Are we likely to see a repetition of t hose years? Who knows. The future is unwritten! However that there will be no Indonesian sides competing in the AFC Cup next year suggests not a whole lot will change when it comes to forward planning.

But it is forward planning that is needed to build on the momentum brought about by those stirring performances against the Thais and Vietnamese especially. Some leadership is needed to work with the Indonesia Super League to make sure FIFA dates are kept free and some quality opponents can be lined up to test this thrilling young squad. And I don't mean games against Malaysia ad infinutum. A decision will also need to be made over the future of Alfred Riedl, either by the man himself or the PSSI. 

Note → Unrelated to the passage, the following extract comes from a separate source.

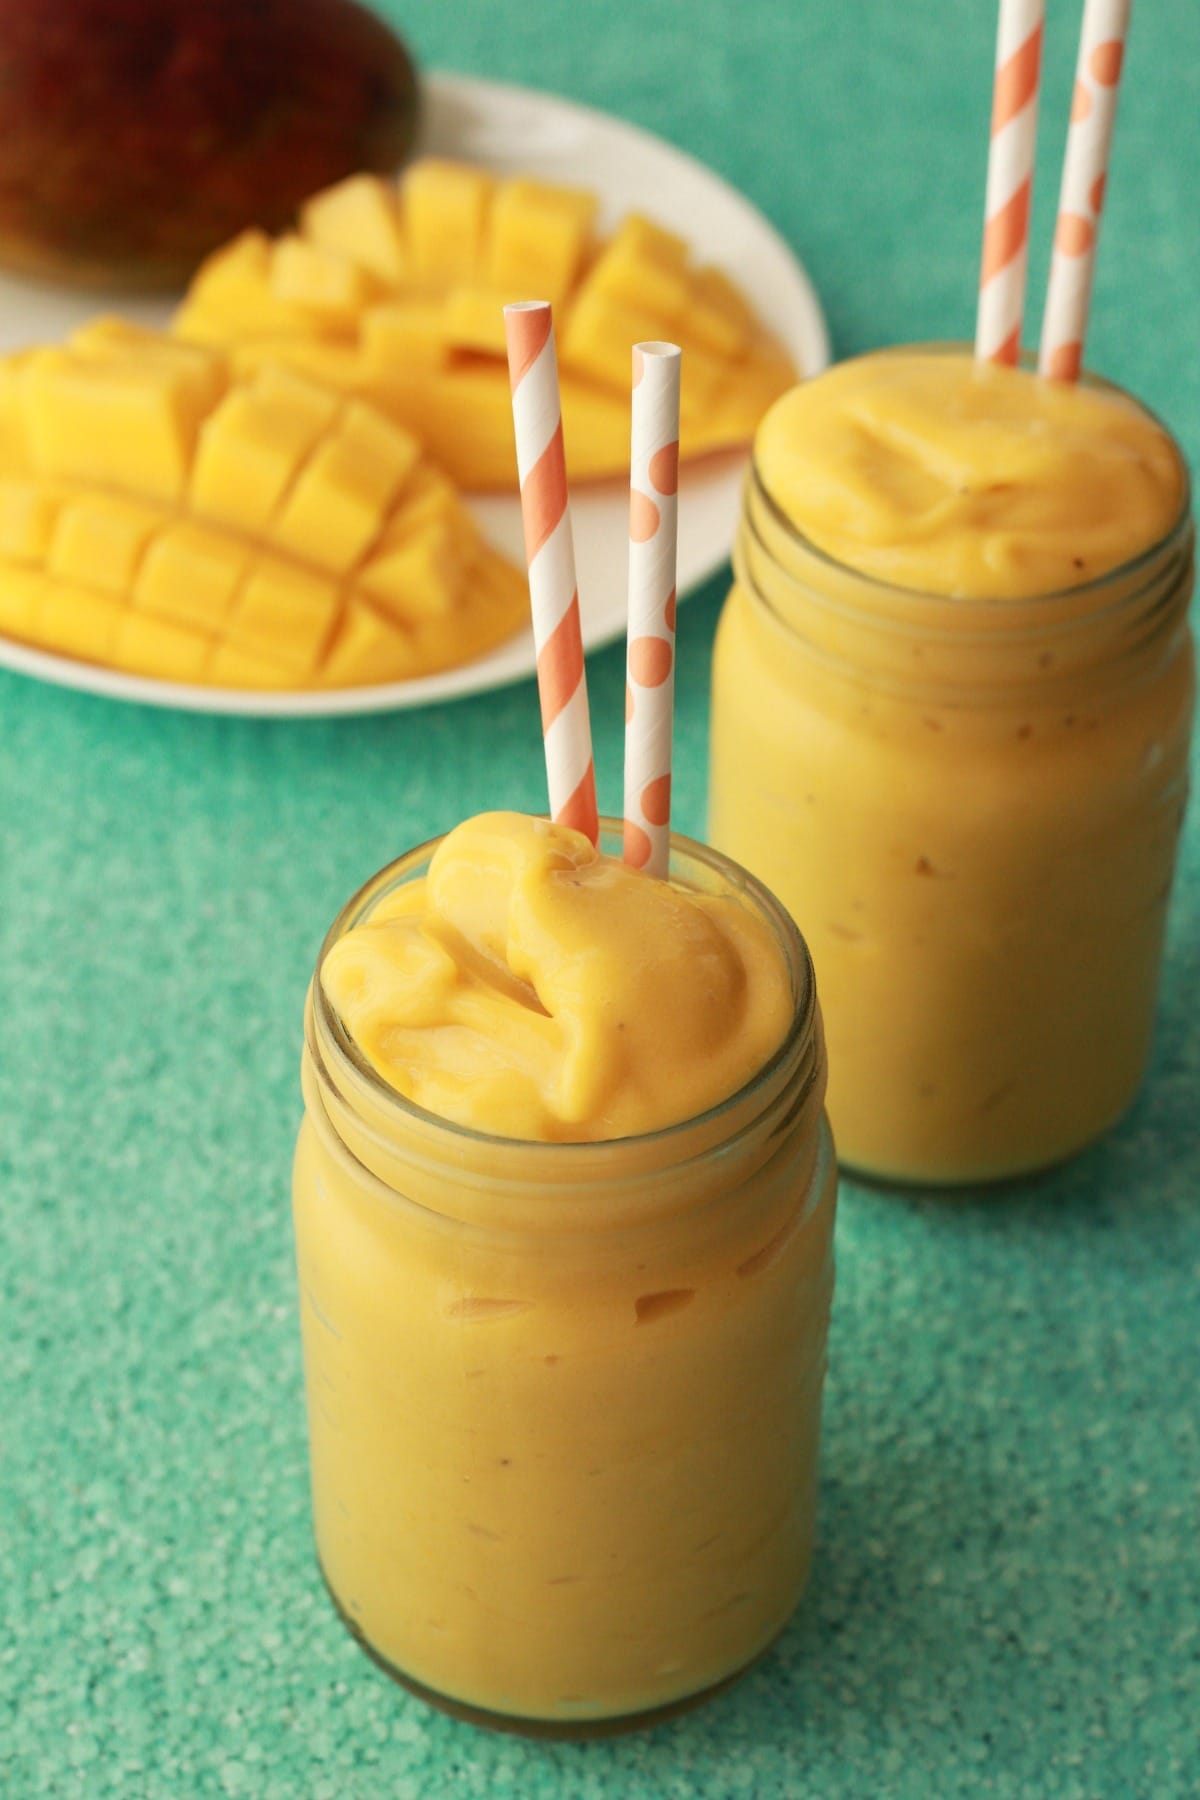 Mango smoothie in glasses with orange and white straws.

Stopping the ISL so the country's young players can take part in the SEA Games is not a good idea. The SEA Games is an age group competition. Fine, stop the Under 21 competition buut there is no reason why the national league should grind to a lengthy halt.

Next year the Thais are playing Japan, Saudi Arabia, UAE and Australia in Asian Qualifiers with a view to get to the AFC Asian Cup and or the World Cup. That is where their lofty ambitions lie. Indonesia, without any such dreams, need to look around for quality opposition among the nations who do think big. They could also do with appointing a coach and letting him get on with his job.

One untold story of Indonesia's success at the AFF Suzuki Cup lies in the young players who spent time playing in Uruguay as part of the SAD project initiated by a previous PSSI head Nurdin Halid. The likes of Abduh Lestaluhu (red carded towards the end of the final in Bangkok), Hansamu Yama, Rudolf Basna, third choice keeper Teja Paku Alam and Manahati Lestusen all had stints in the side that competed in the Uruguayan pyramid and interestingly enough they are all, apart from Teja, defenders!

With the players from SAD and the youngsters who did so well at Under 19 level in recent years there does for once seem to be a nucleus of talent coming through. Of course the PSSI needs to make sure this generation doesn't go the same way as the 1994 lot (including Bima Sakti) who went to Sampdoria. Steps need to be put in place to ensure similar projects are planned and funded. Many may have mocked the Uruguay project but surely the biggest compliment came from Thai coach Zico when he had his players get at the experienced Beny Wahyudi at right back rather than exploit the relative youth and inexperience of Lestalahu on the left.

The future may be bright but the hard work begins now to ensure losing to Thailand isn't the pinnacle of the players' journey but just the first step.